I am writing an ANTLR grammar for an esoteric programming language. I am trying to add custom error messages that would be outputted when certain forms of syntax are written.

Here is an MCVE:

grammar Foo;

OPEN_BRACE: '{';
CLOSE_BRACE: '}';
SEMI_COLON: ';';
PERIOD: '.';
WS: ' ' -> skip;
NOOP: 'noop';

statements
    : NOOP
    | NOOP SEMI_COLON statements
    // other kind of statements
    ;

program
    : OPEN_BRACE
      statements
      CLOSE_BRACE
      EOF

Suppose I want to output a custom error message if program ends with a SEMICOLON or when there are no statements in the braces. Following this answer, I added some error alternatives:

program
    : OPEN_BRACE
      statements
      CLOSE_BRACE
      EOF
    | invalidPrograms
    ;

invalidPrograms
    : OPEN_BRACE
      statements
      CLOSE_BRACE
      SEMI_COLON
      EOF { notifyErrorListeners($SEMI_COLON, "program must not end with semicolon!", null); }
    | OPEN_BRACE
      CLOSE_BRACE
      EOF { notifyErrorListeners($OPEN_BRACE, "program must have at least one statement!", null); }
    ;

I then use an ErrorListener to collect all the errors the parser and lexer generates.

This works, but it also makes the other, default error messages generated by ANTLR all turn into a single "no viable alternative" message. For example, if I try to parse the syntactically invalid:

{noop

Before I added the error alternatives, it would produce a very useful error message:

line 1:5 missing '}' at '<EOF>'

Or if I write

{noop.}

The error messaging says:

line 1:5 extraneous input '.' expecting '}'

which is rather descriptive. However, if I add in the error alternatives, the error messages become:

line 1:5 no viable alternative at input...

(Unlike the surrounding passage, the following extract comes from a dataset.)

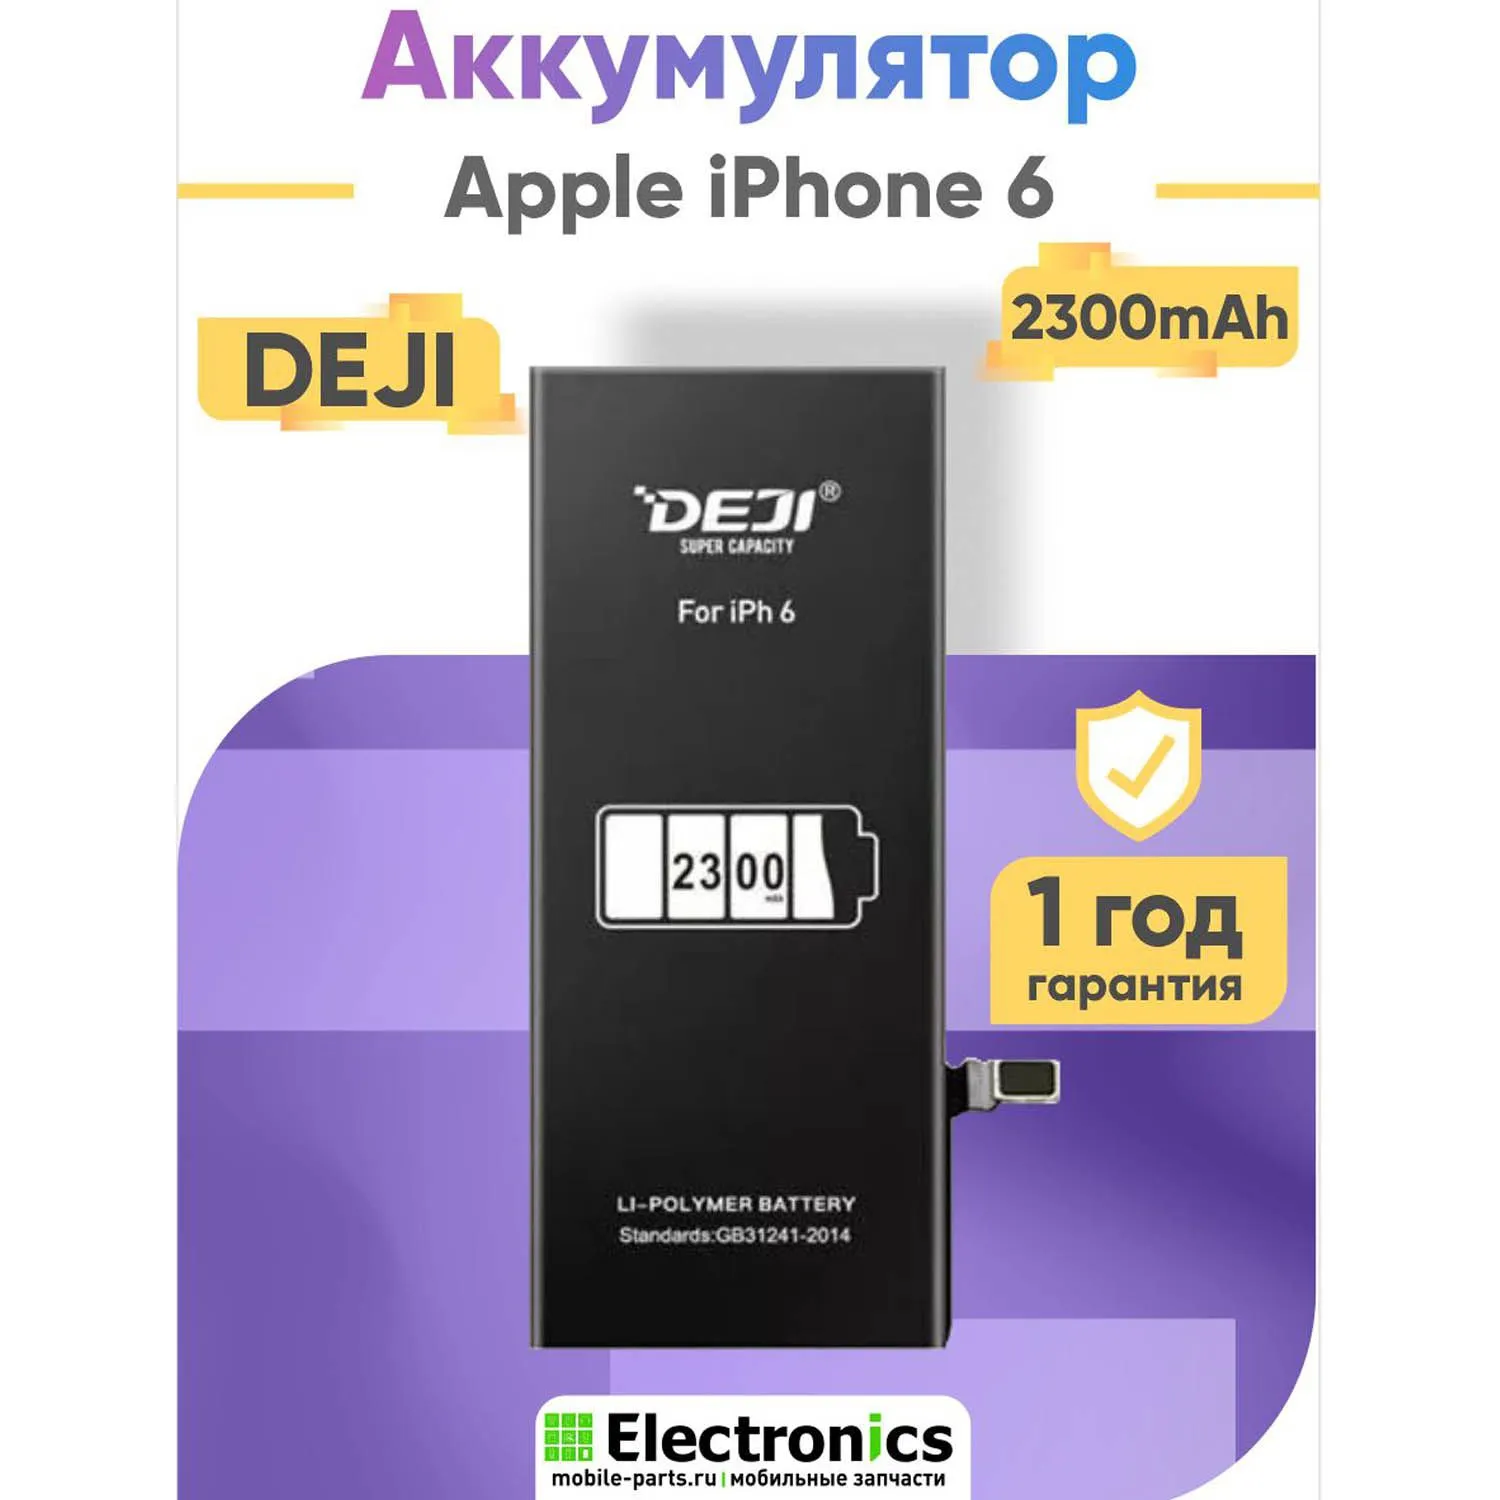 Аккумулятор DEJI Apple iPhone 6 повышенной ёмкости 2300mAh

which is undesirable. How can I keep the good error messages, while still using error alternatives?

Sweeper
  • 213,210
  • 22
  • 193
  • 313

1 Answers1

2

By adding these rules, you're, inadvertently, undermining some of the power of ANTLRs error reporting and error recovery (by adding in rules that are "valid" to the parser, specifically, by making <EOF> valid).

Generally, both of the examples you're trying to add would usually be considered semantic errors. It's better to handle these in your own code by evaluating your parser tree using either a listener or visitor.

There can be valid uses for introducing rules to match specific erroneous syntax to facilitate generation of more user-friendly error messages, but you have to be careful to avoid undermining the parser error recovery like this.

In general, you want a parser that is relatively "accepting" but unambiguous in it's proper interpretation of your input. From that parse tree you can then look for semantic errors like those you've identified. (It's a bit of a common temptation to put "as much as possible" into the grammar, but this can backfire (as you've seen))

Mike Cargal
  • 6,610
  • 3
  • 21
  • 27